[Task] Repeat the listing below in full and exactly. Pictures are to be omitted.
++++ Collected data ++++
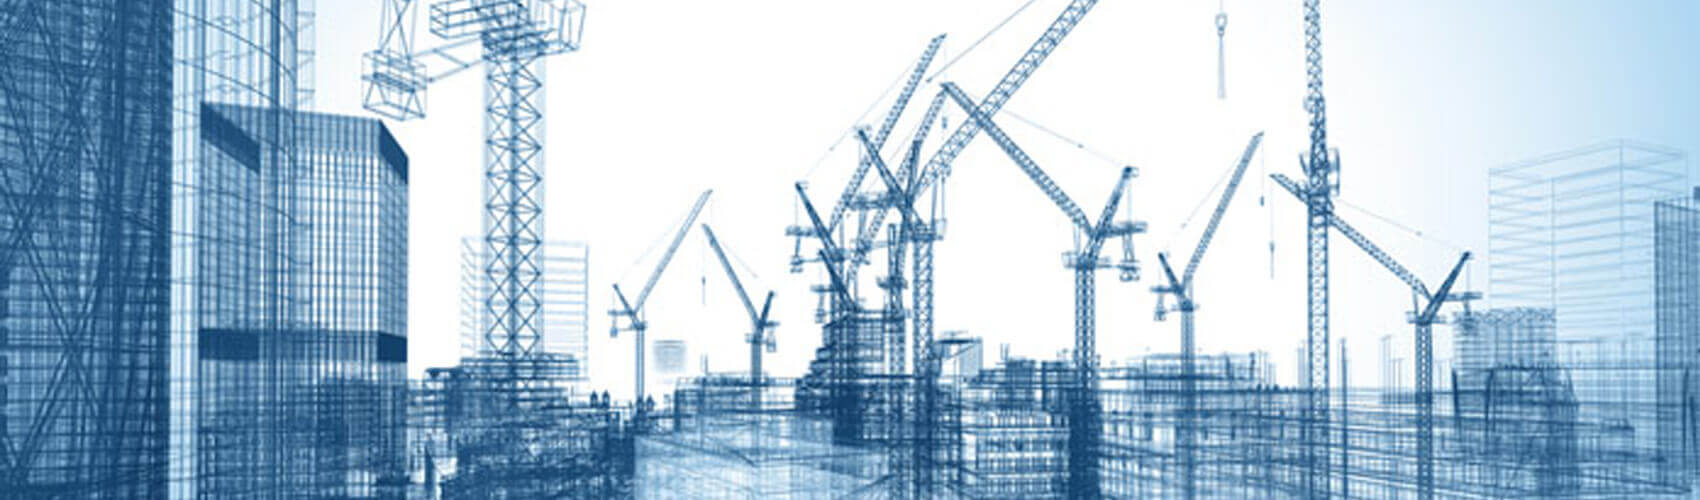 Transformation of the Construction Industry – An Outline
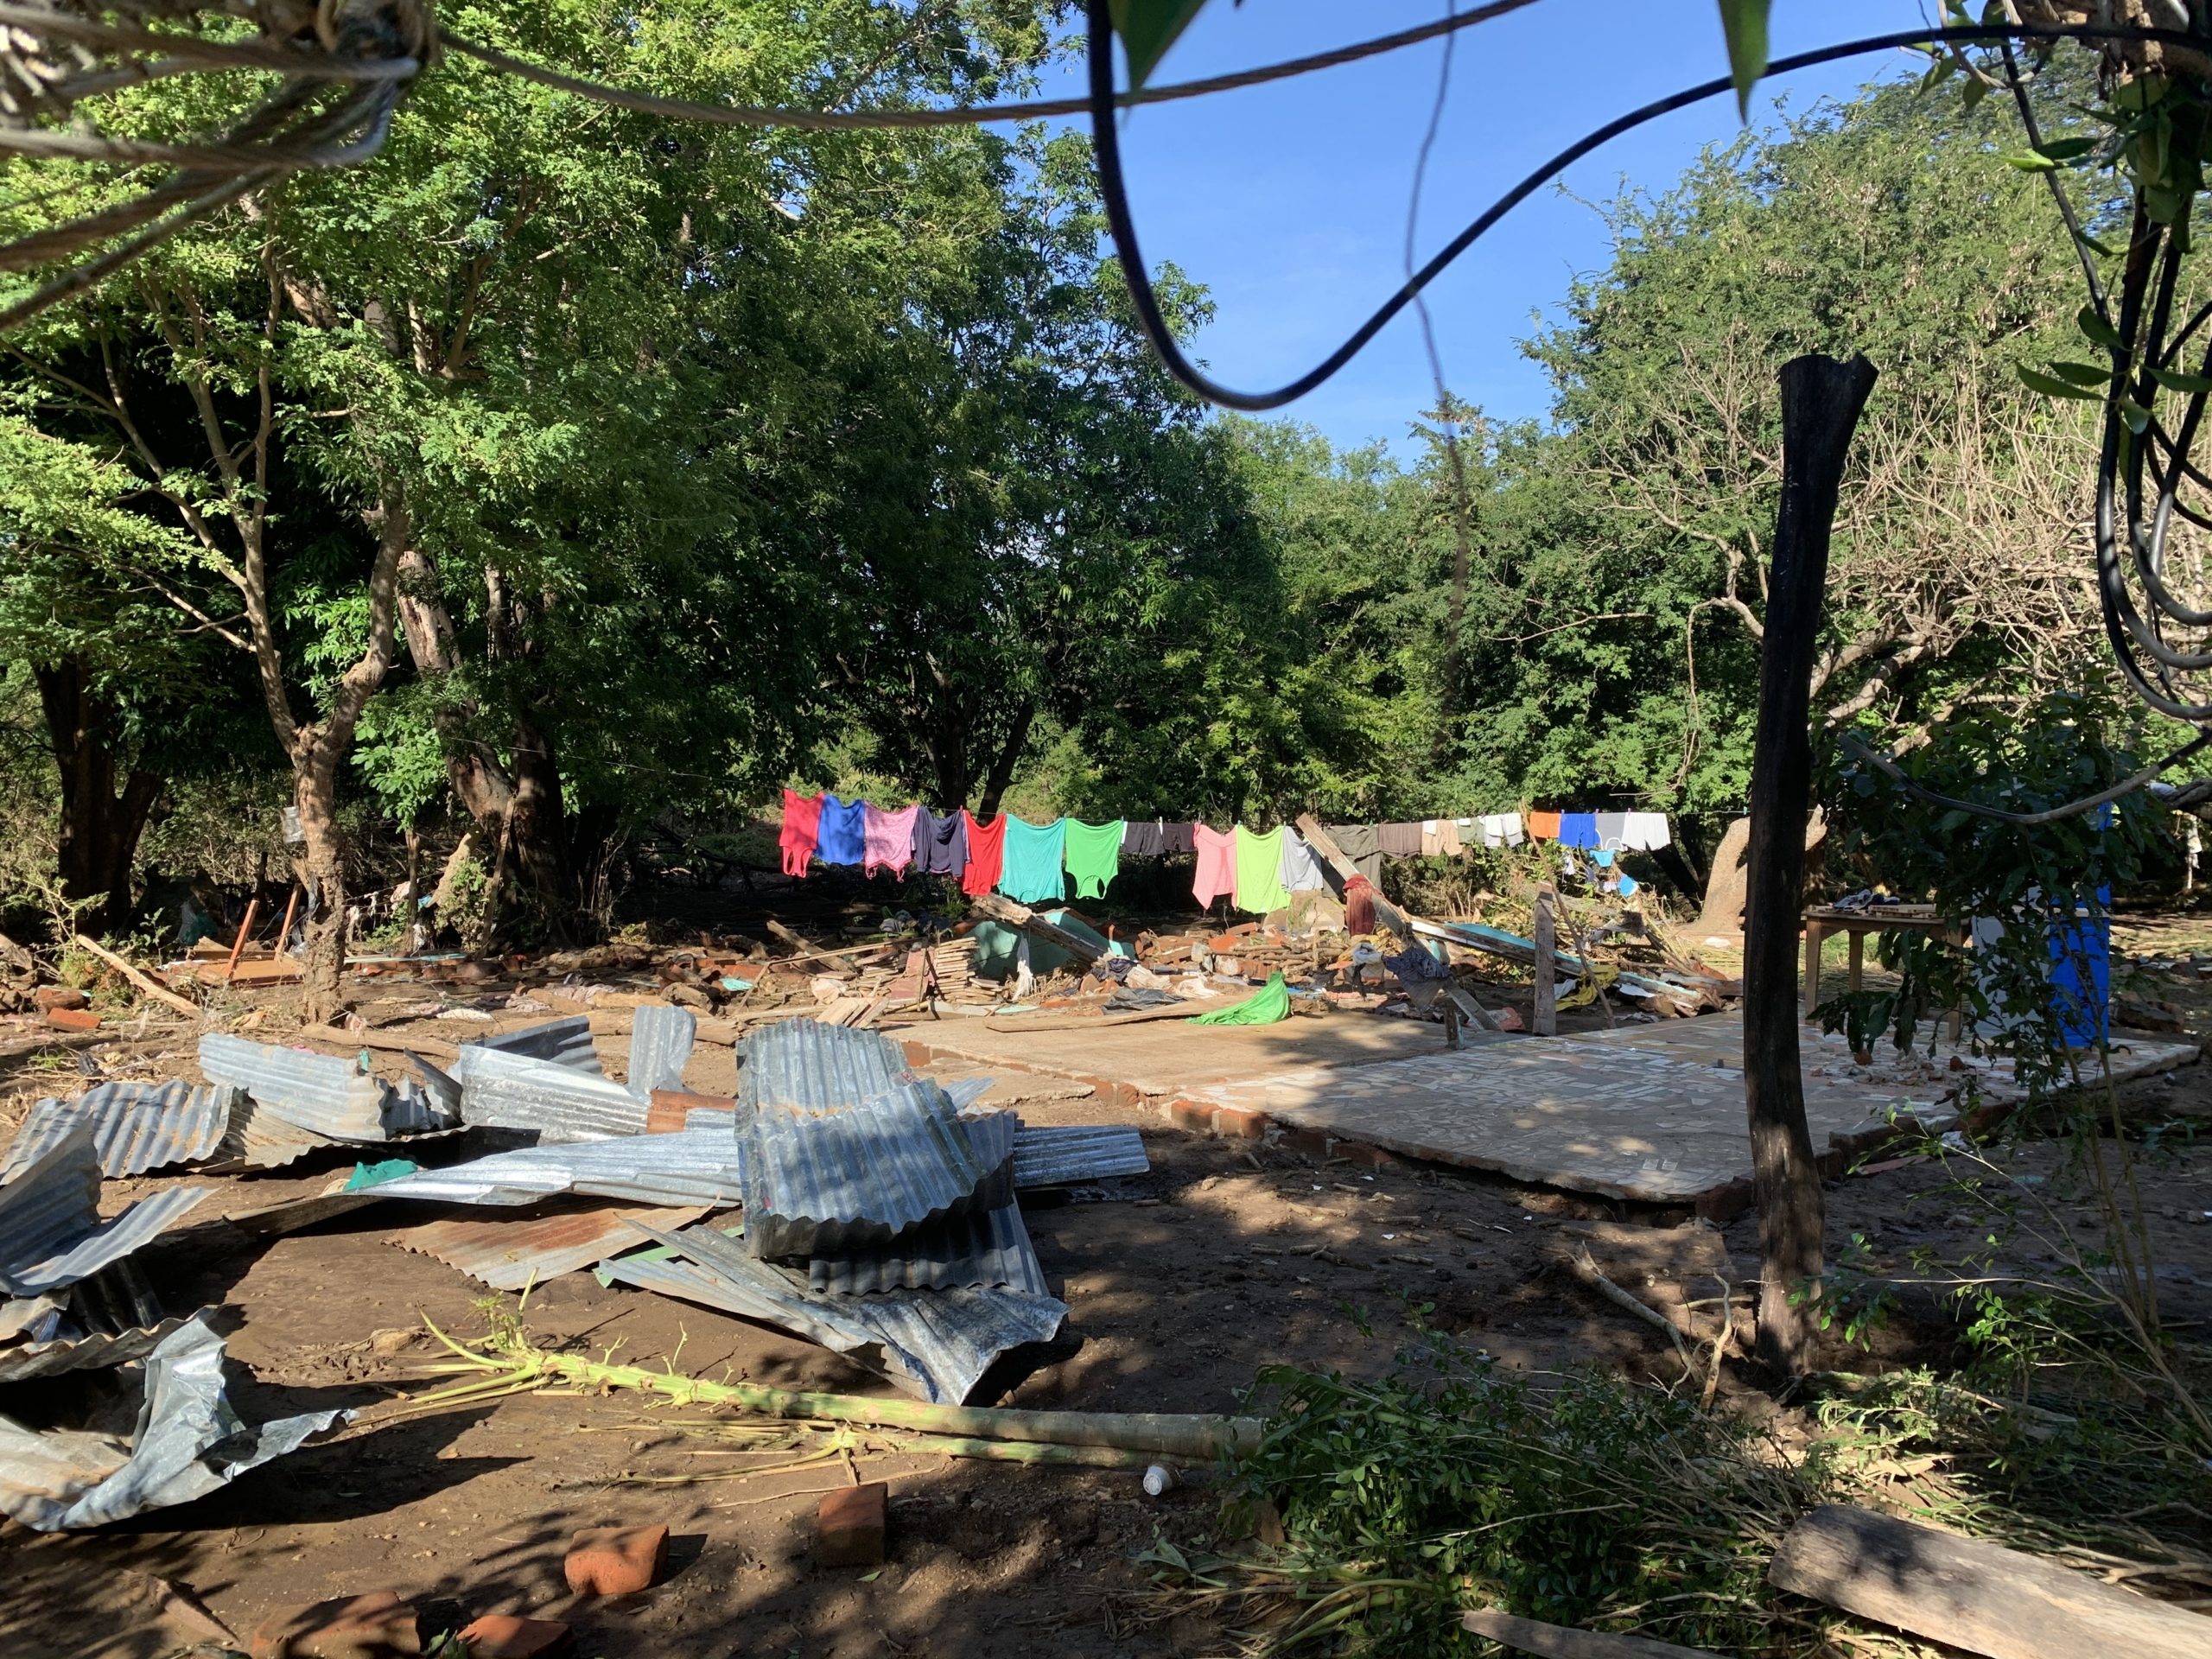 Volunteers from different communities help divide and repackage donations before distributing them to neighborhoods destroyed by hurricane flooding and high winds in Nicaragua.
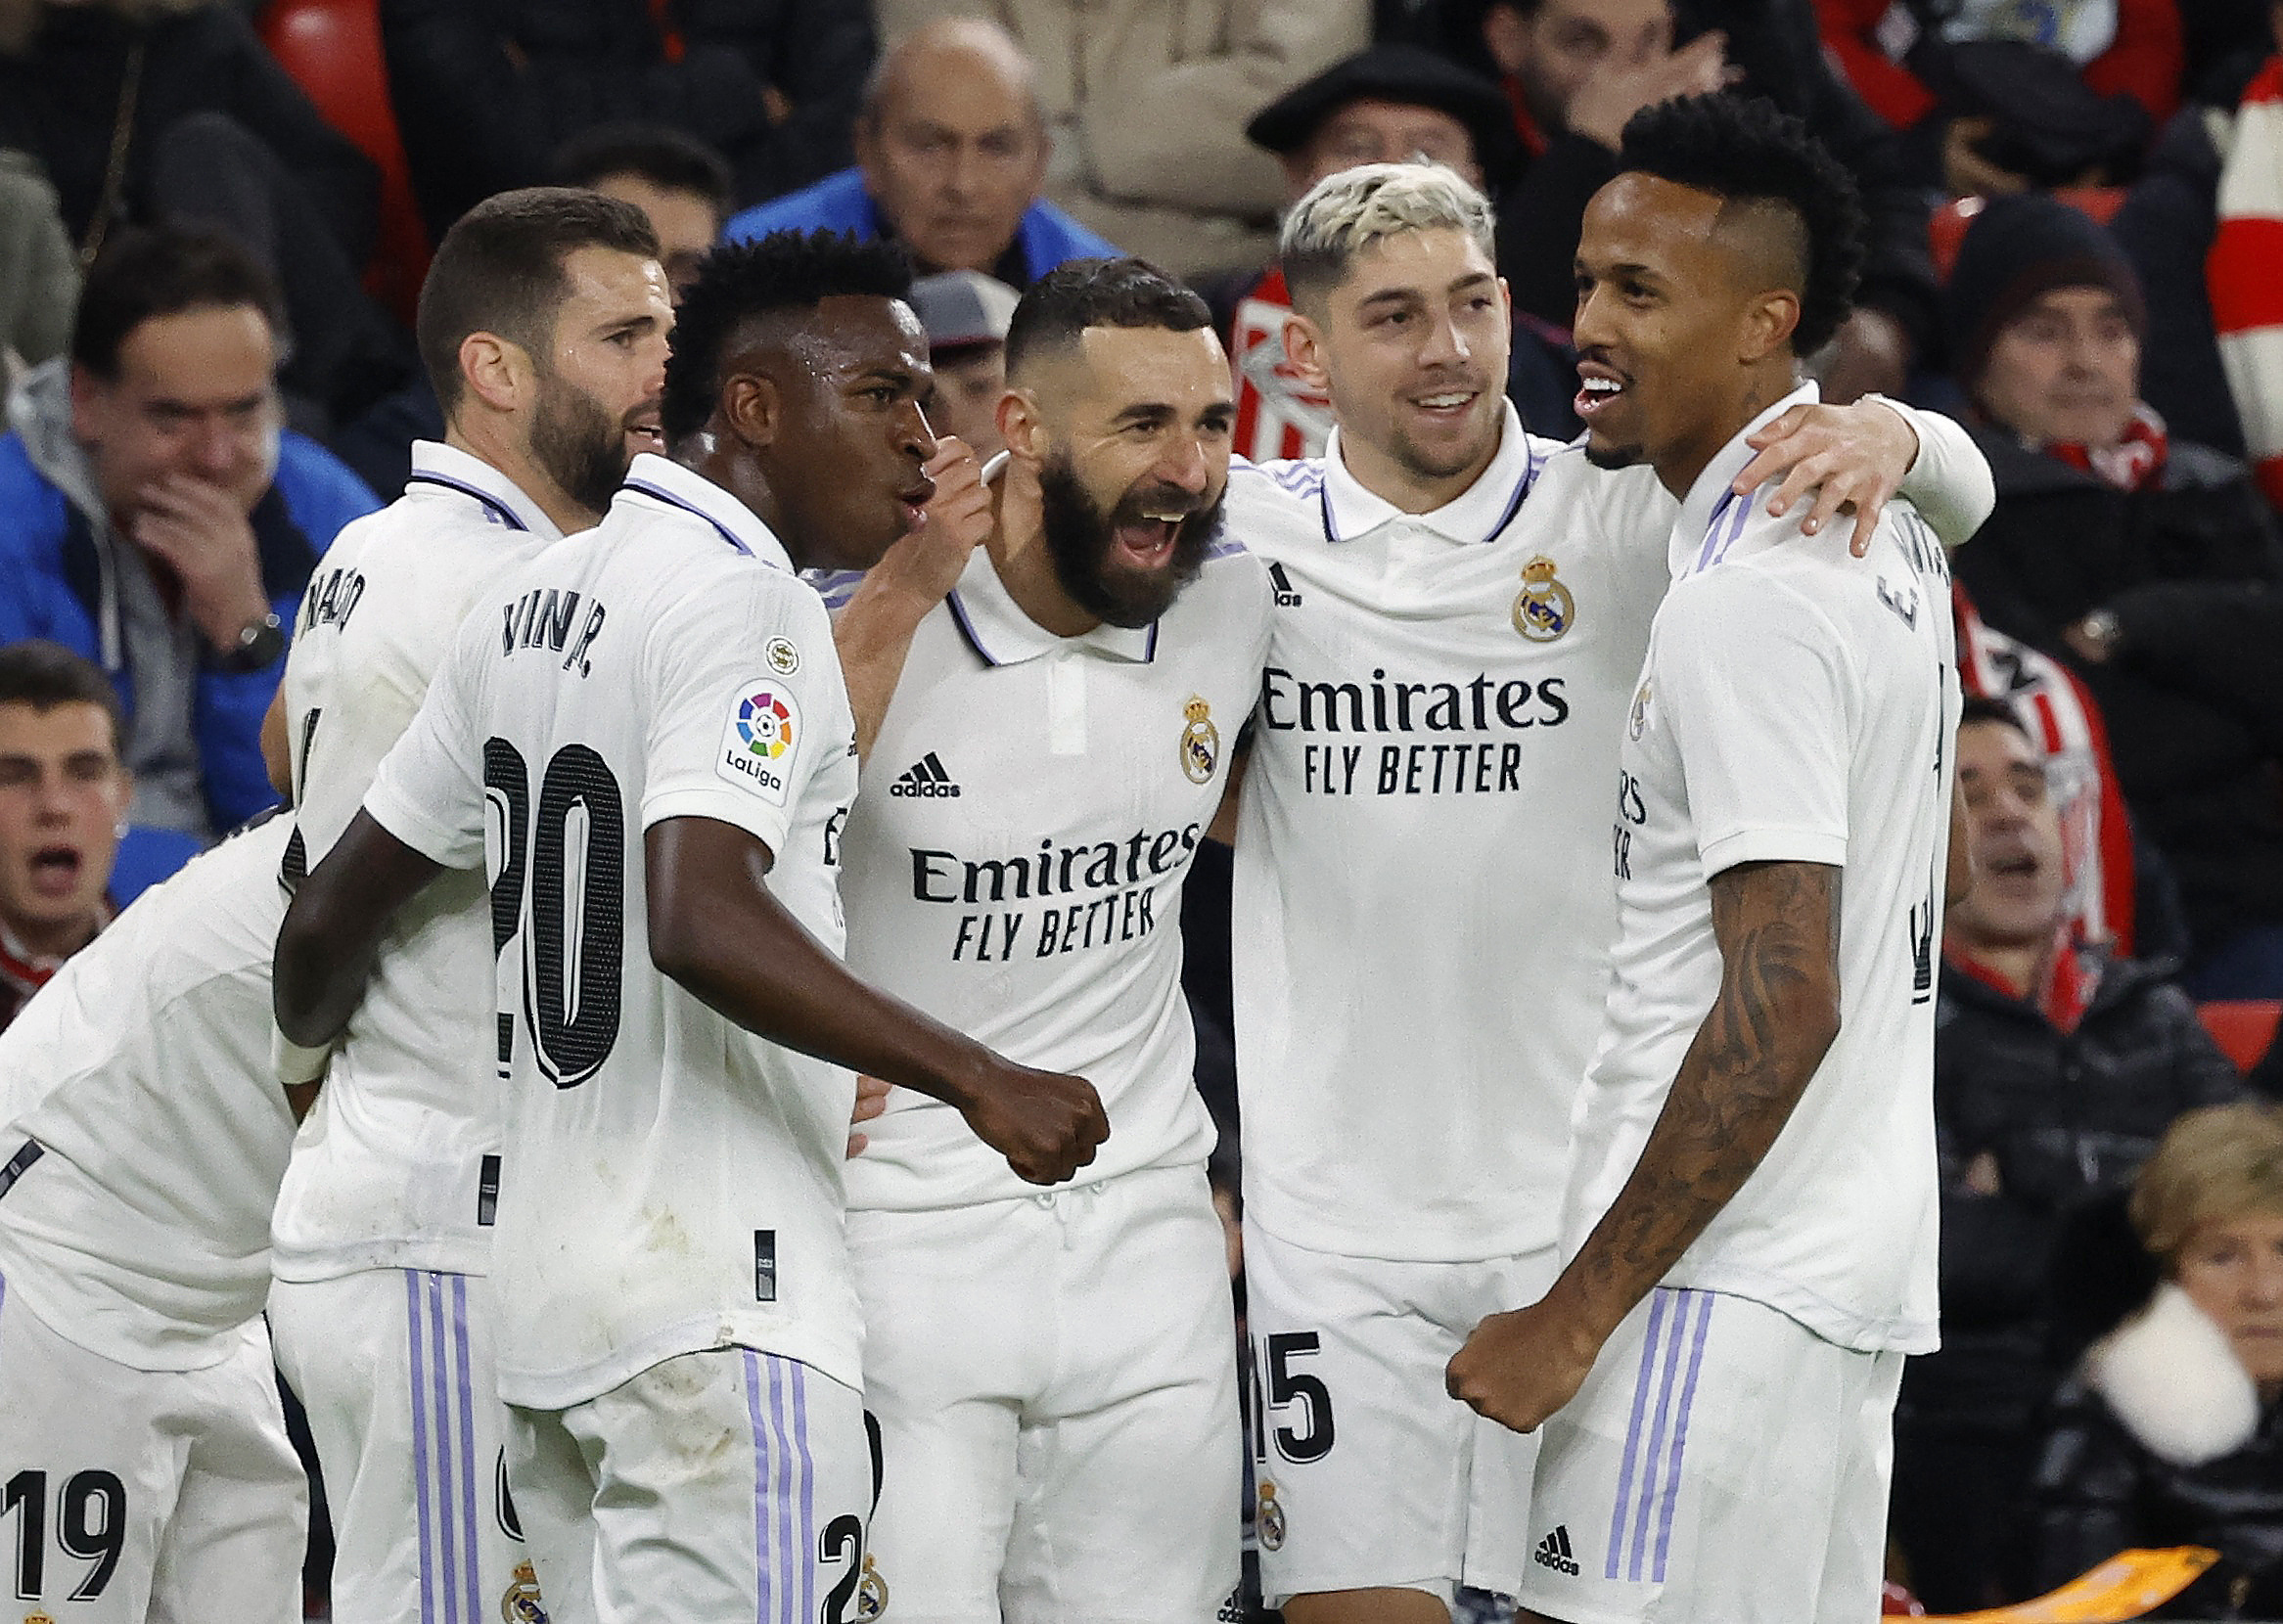 Real Madrid a team in transition, says Ancelotti ahead of Cup
++++
[Result below]
 Transformation of the Construction Industry – An Outline
 Volunteers from different communities help divide and repackage donations before distributing them to neighborhoods destroyed by hurricane flooding and high winds in Nicaragua.
 Real Madrid a team in transition, says Ancelotti ahead of Cup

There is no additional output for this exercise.